** Problem to work on **
Each line below from the line with "Achieving Security and" to the line with "Passion Fruit Eclair" must be copied exactly, including those two, and no picture may appear in the copy.

** Provided information **
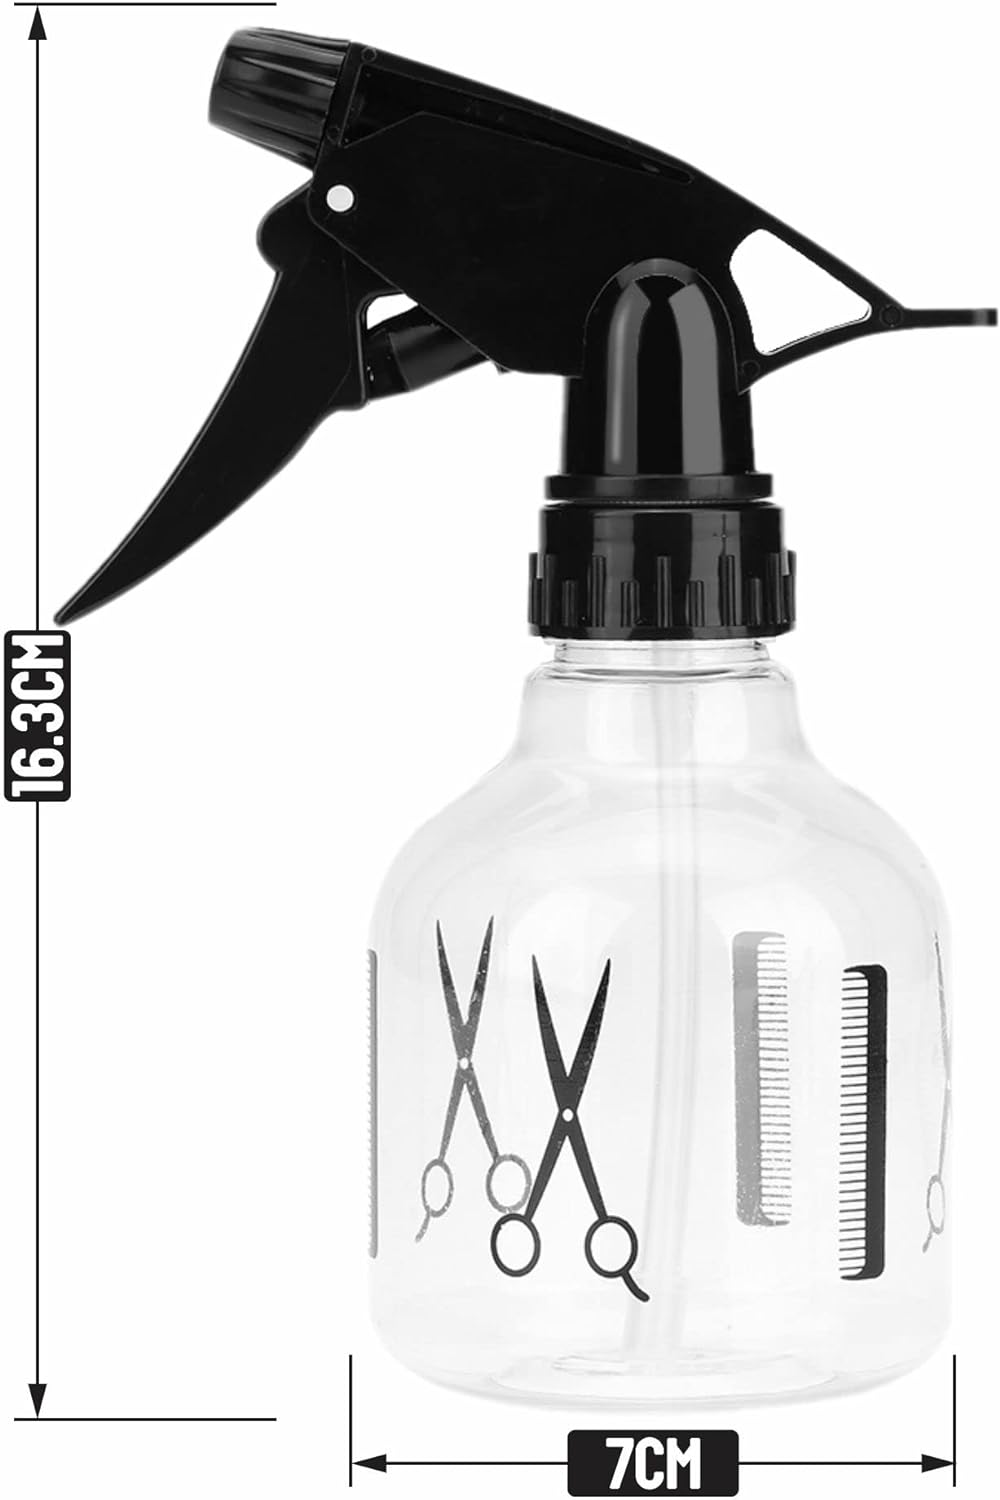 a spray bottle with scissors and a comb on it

--

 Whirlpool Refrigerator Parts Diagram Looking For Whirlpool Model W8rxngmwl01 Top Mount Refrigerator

...

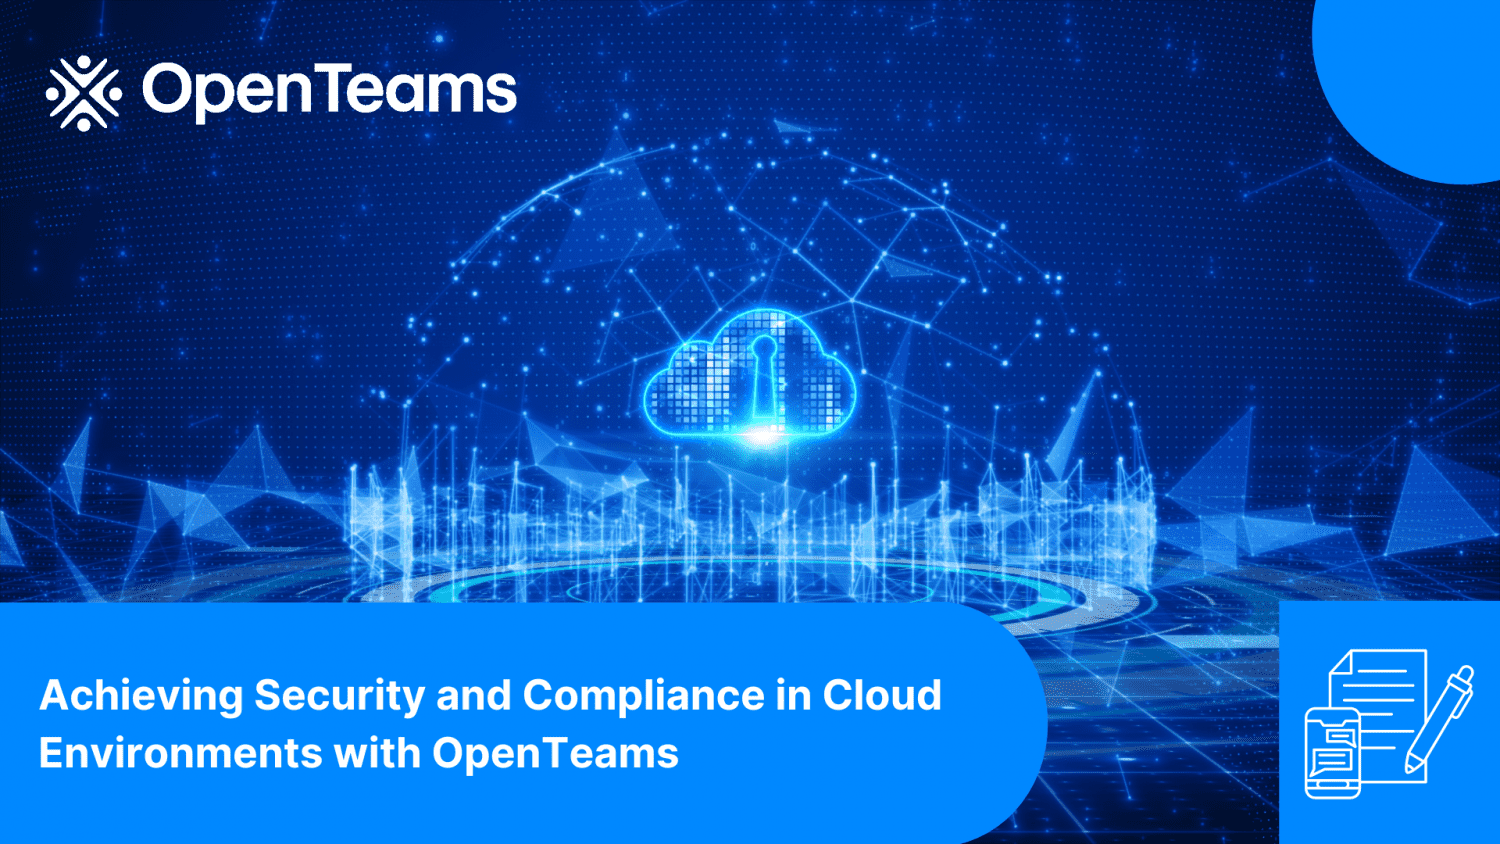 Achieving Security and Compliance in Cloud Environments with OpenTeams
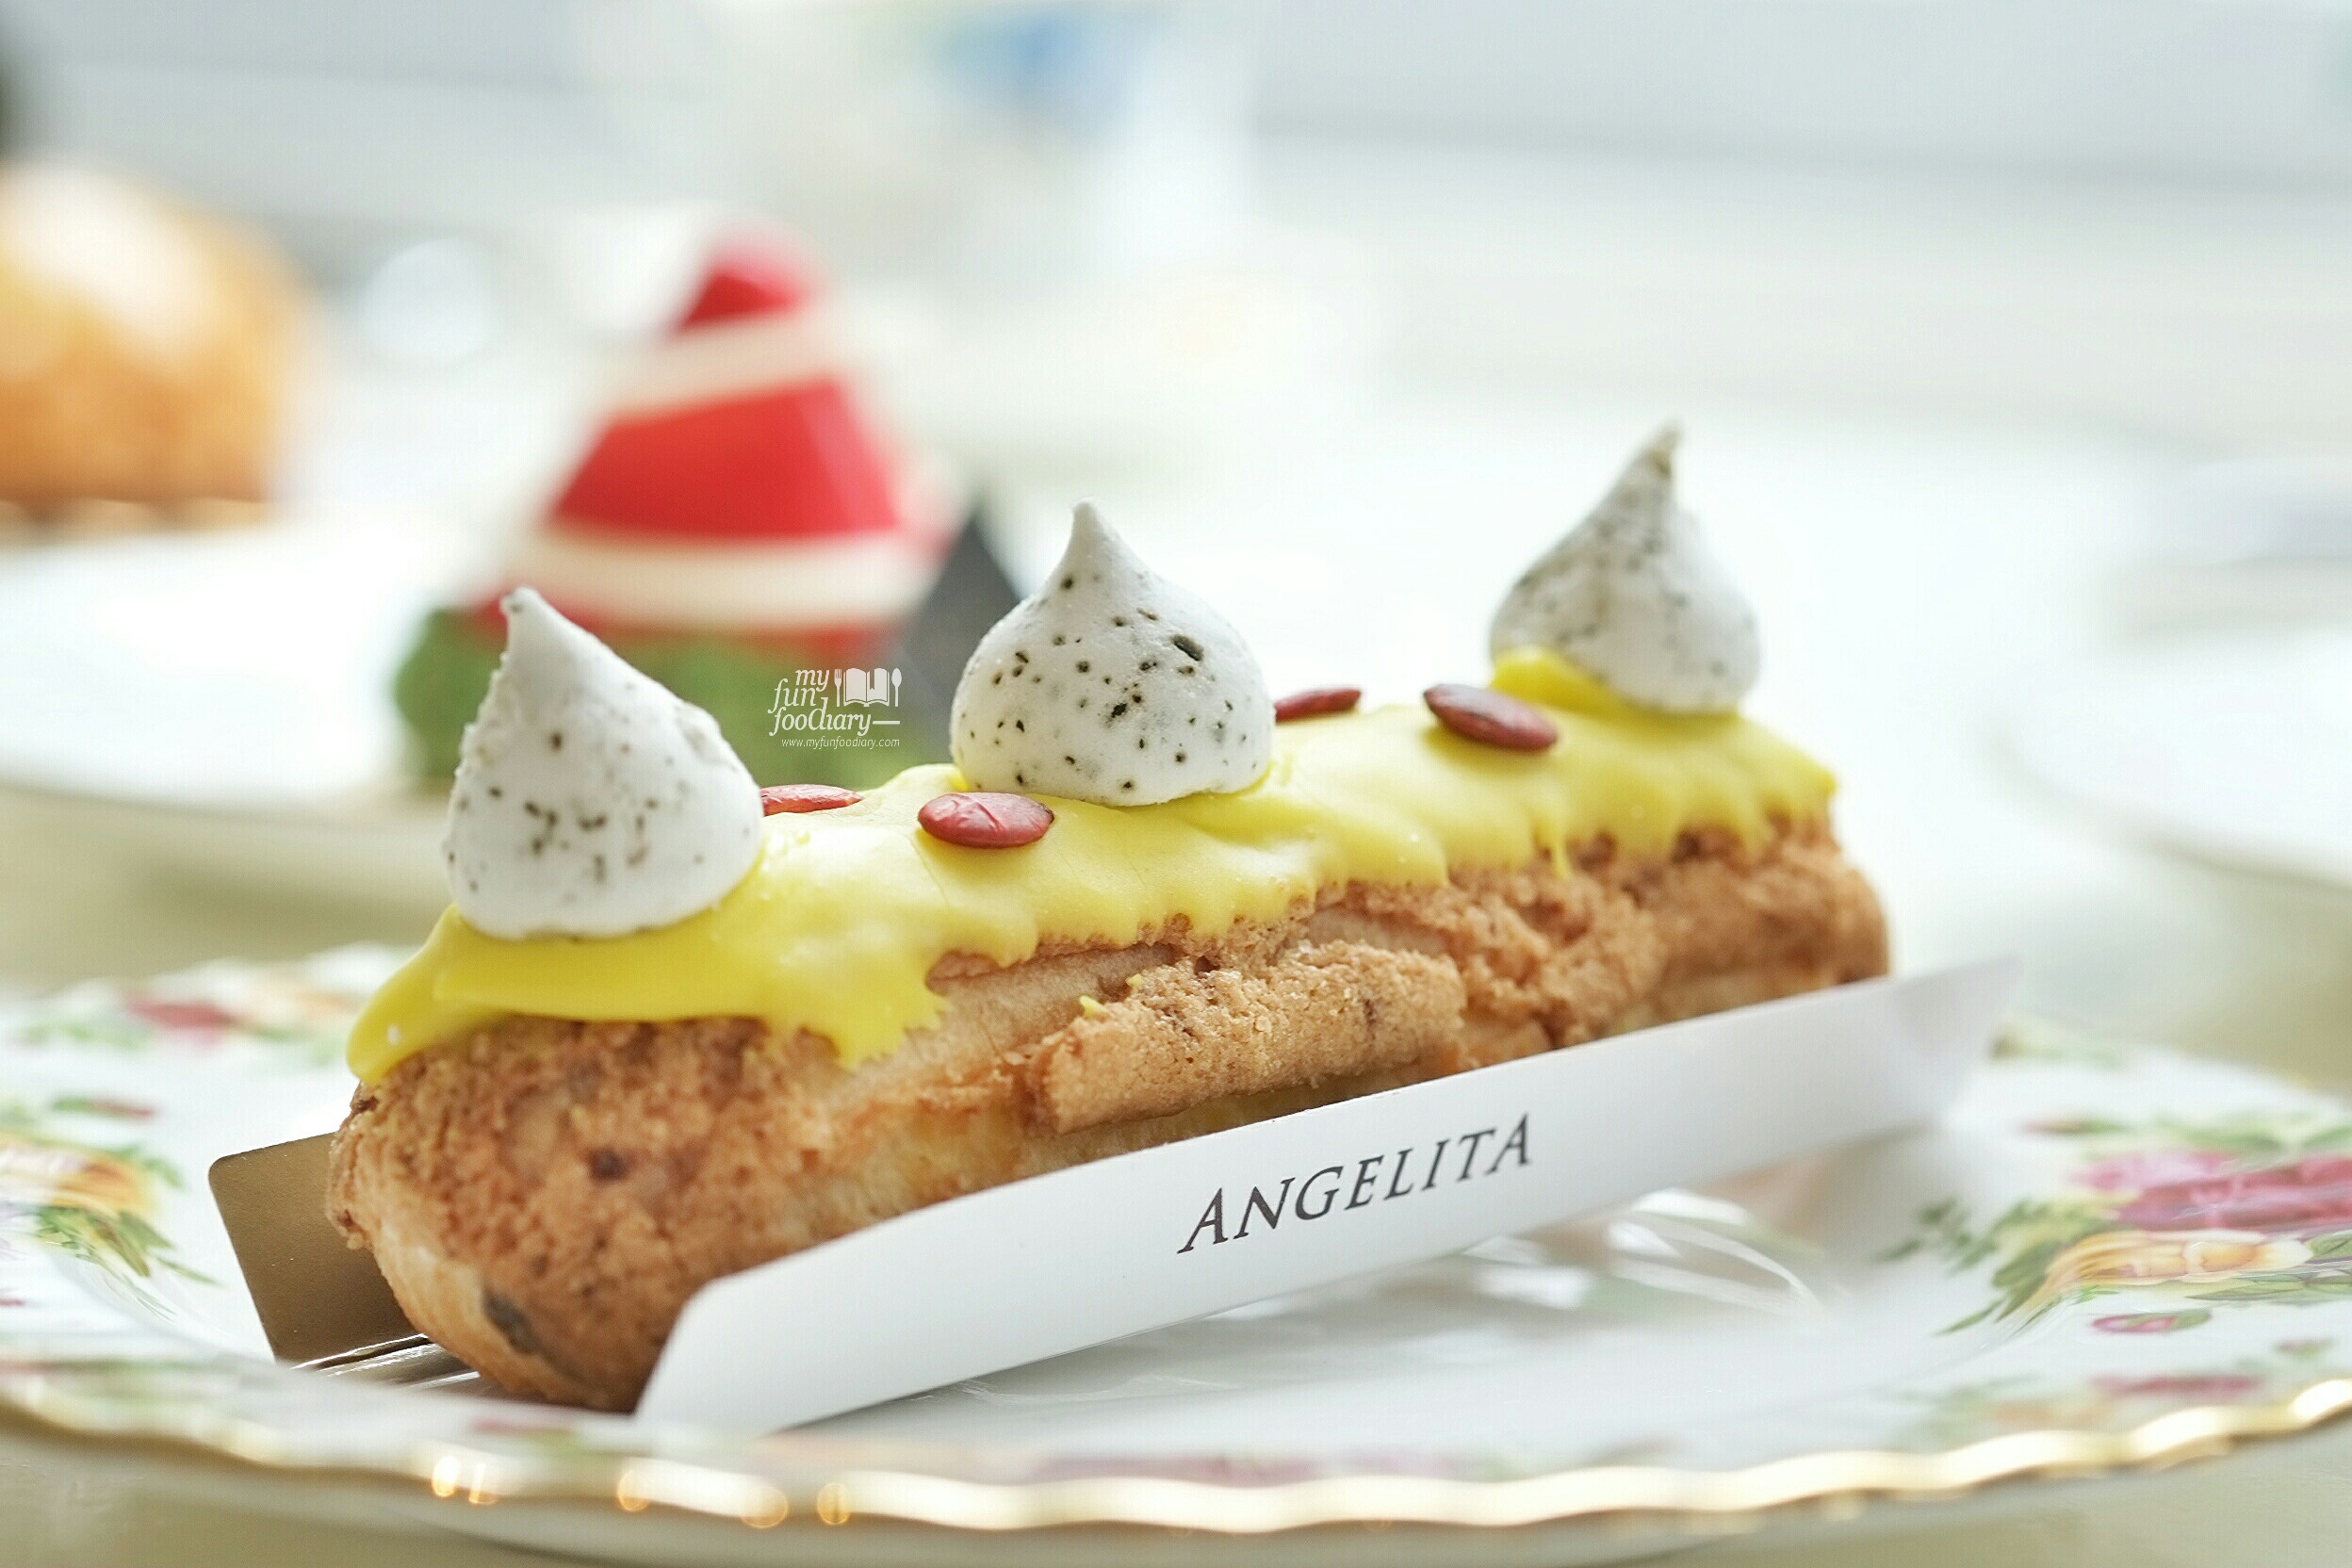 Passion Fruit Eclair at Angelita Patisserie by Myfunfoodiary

** Exercise output **
 Achieving Security and Compliance in Cloud Environments with OpenTeams
 Passion Fruit Eclair at Angelita Patisserie by Myfunfoodiary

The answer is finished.